No, I don't think it's particularly fair to have the students shoulder the entire responsibility for something that is largely outside their control without giving them some alternative way to complete the assignment. Moreover, it's unrealistic to assume they have any reasonable way of ensuring connectivity. Internet connections can go down, the power can go down, and hardware can fail. I understand you may be trying to avoid people taking advantage of you, but these things happen and should be accounted for. (Personally, I've experienced the first two during video calls with collaborators during the last couple of months.) Further, some students (perhaps rural or less well-off) will have less table connections than others. Do you want the assignments to test students' learning, or the reliability of their internet connections?

If such an assumption is not fair, then does it mean any student claiming a network-related problem can be accommodated unconditionally for extra time or another test?

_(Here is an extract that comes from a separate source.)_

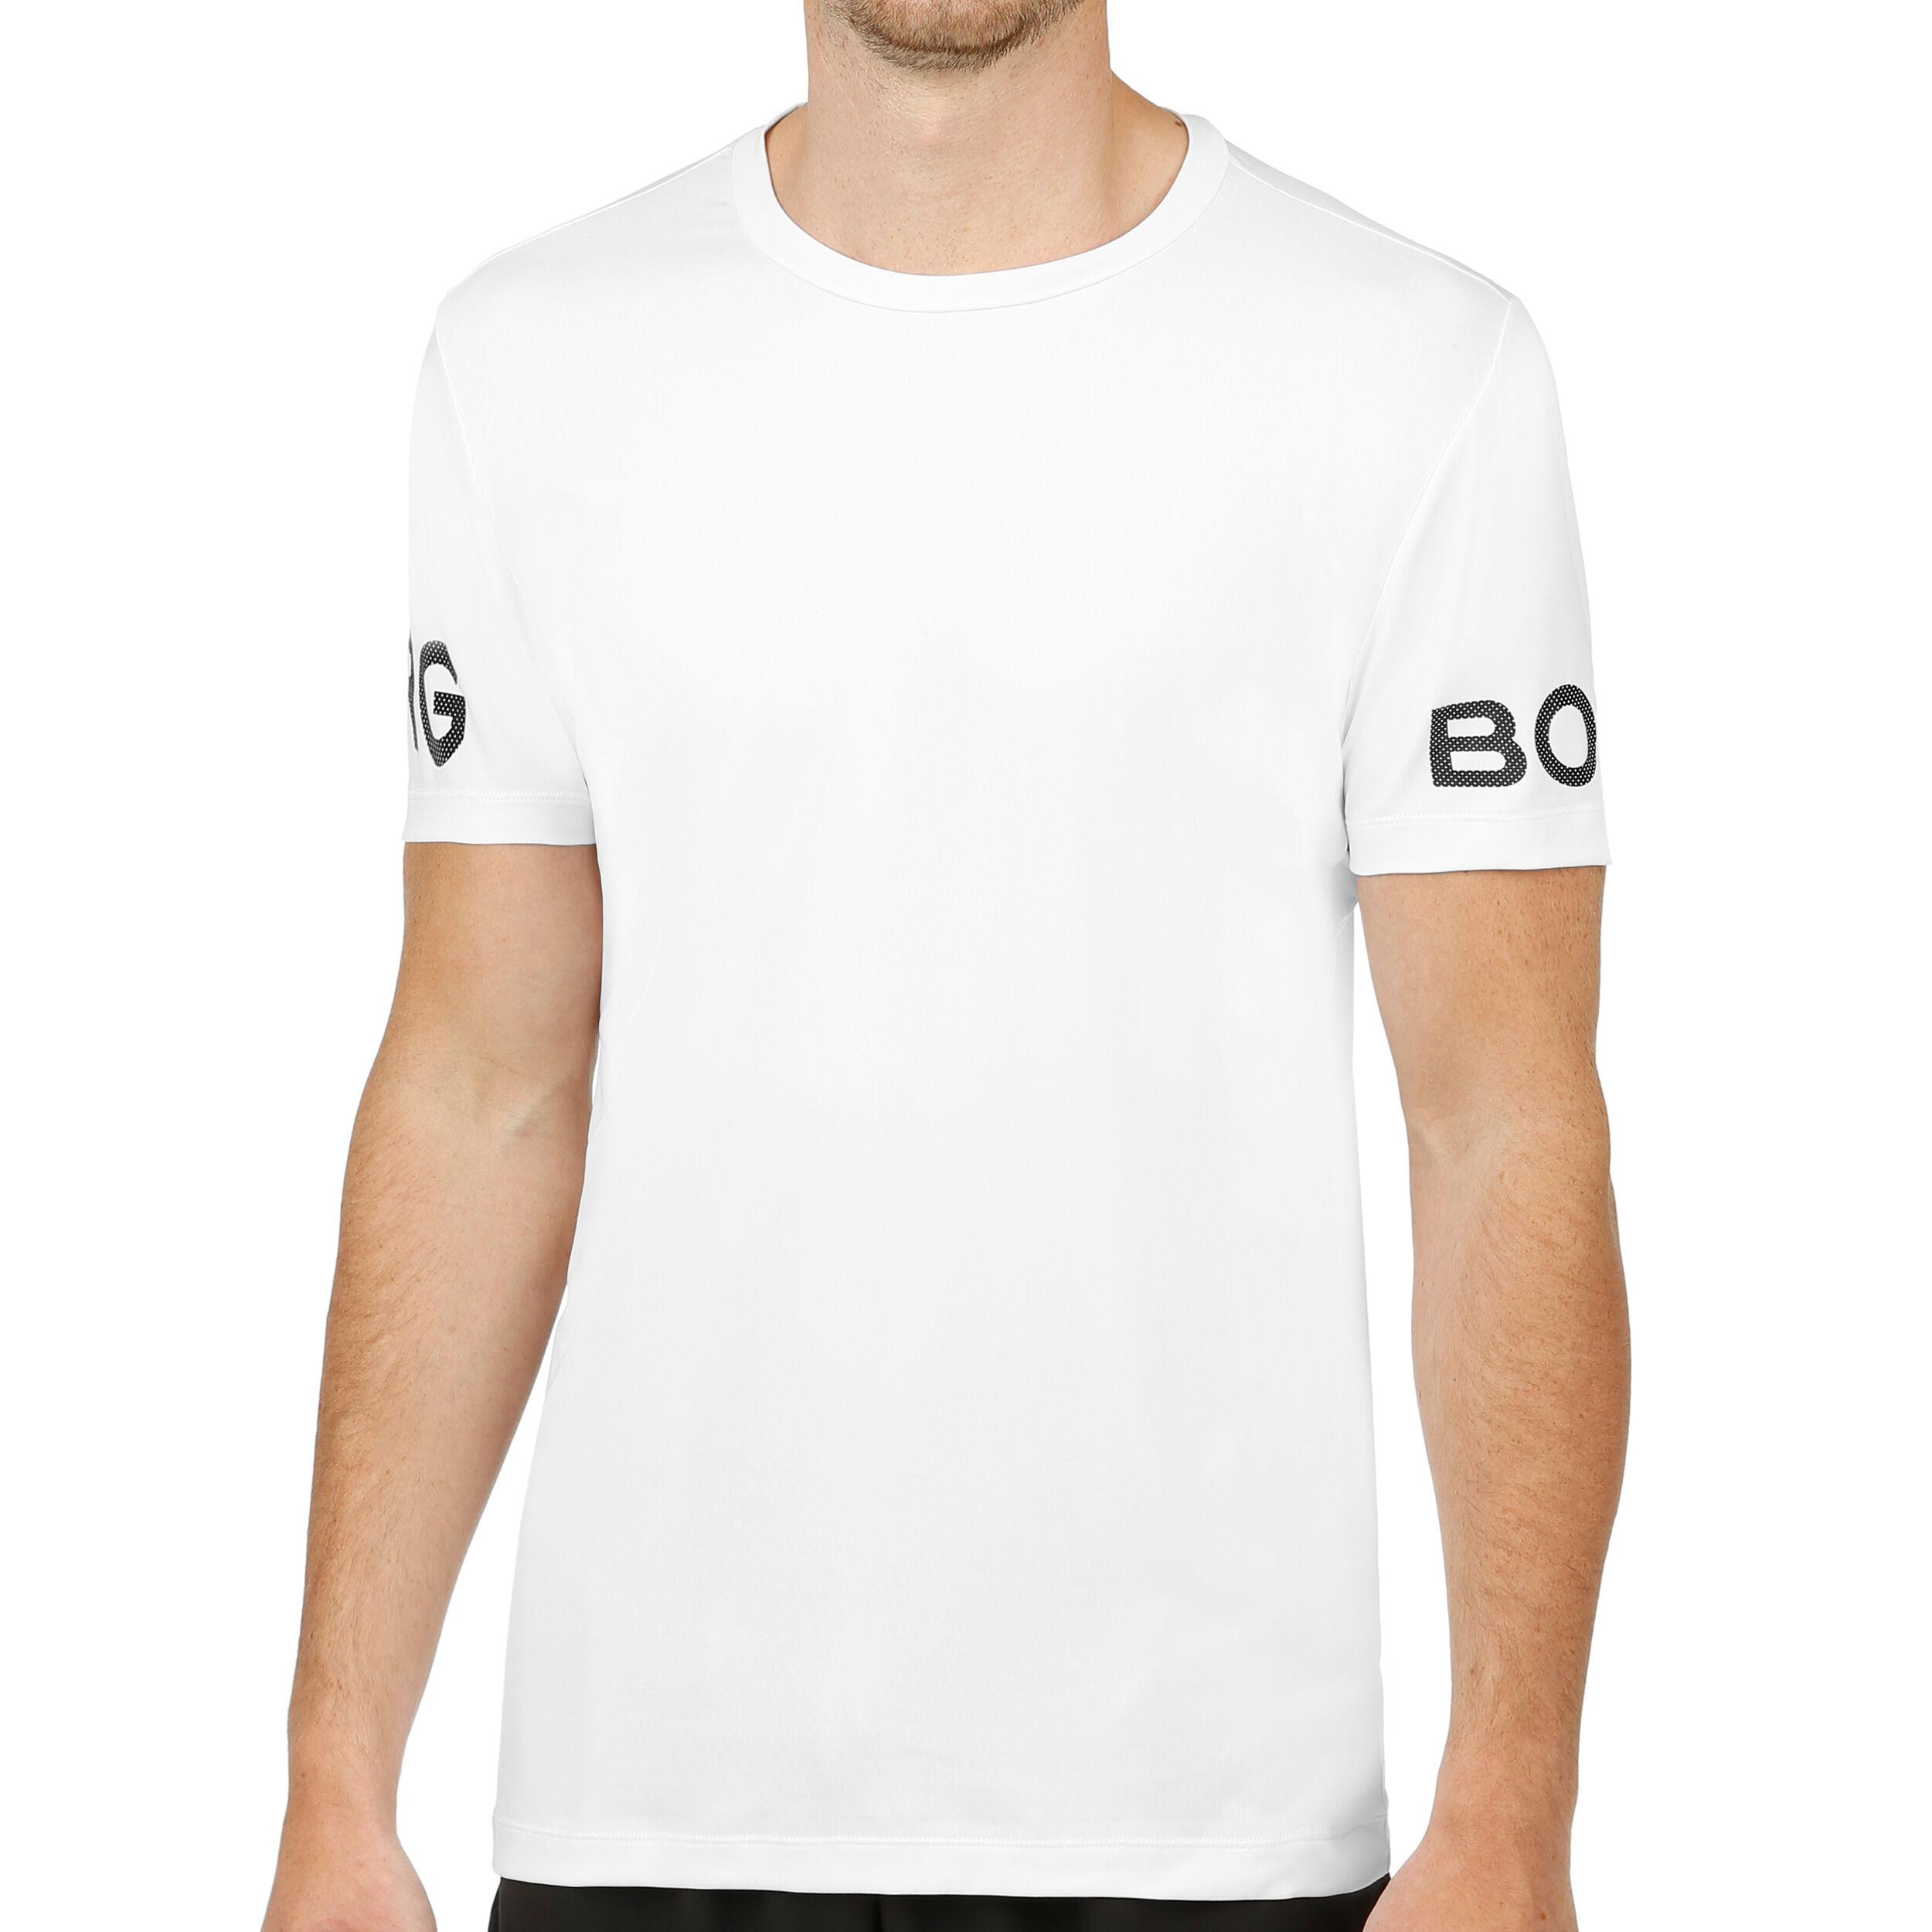 Borg T shirt Herrer Hvid, Sort

I think you should make some accommodations, but unconditional ones seem unnecessary. Reductio ad absurdum: if a particular student doesn't have a way of accessing the internet at all, they shouldn't be registered for an online class. If the student has recurring connection problems they should take steps to address that. But accommodations allowing for missing or delaying some number of quizzes (the number could be specified in the syllabus and/or kept flexible) seem important. There's somewhat of a parallel in mandatory physical attendance policies, which usually allow for missing some lectures even in normal times.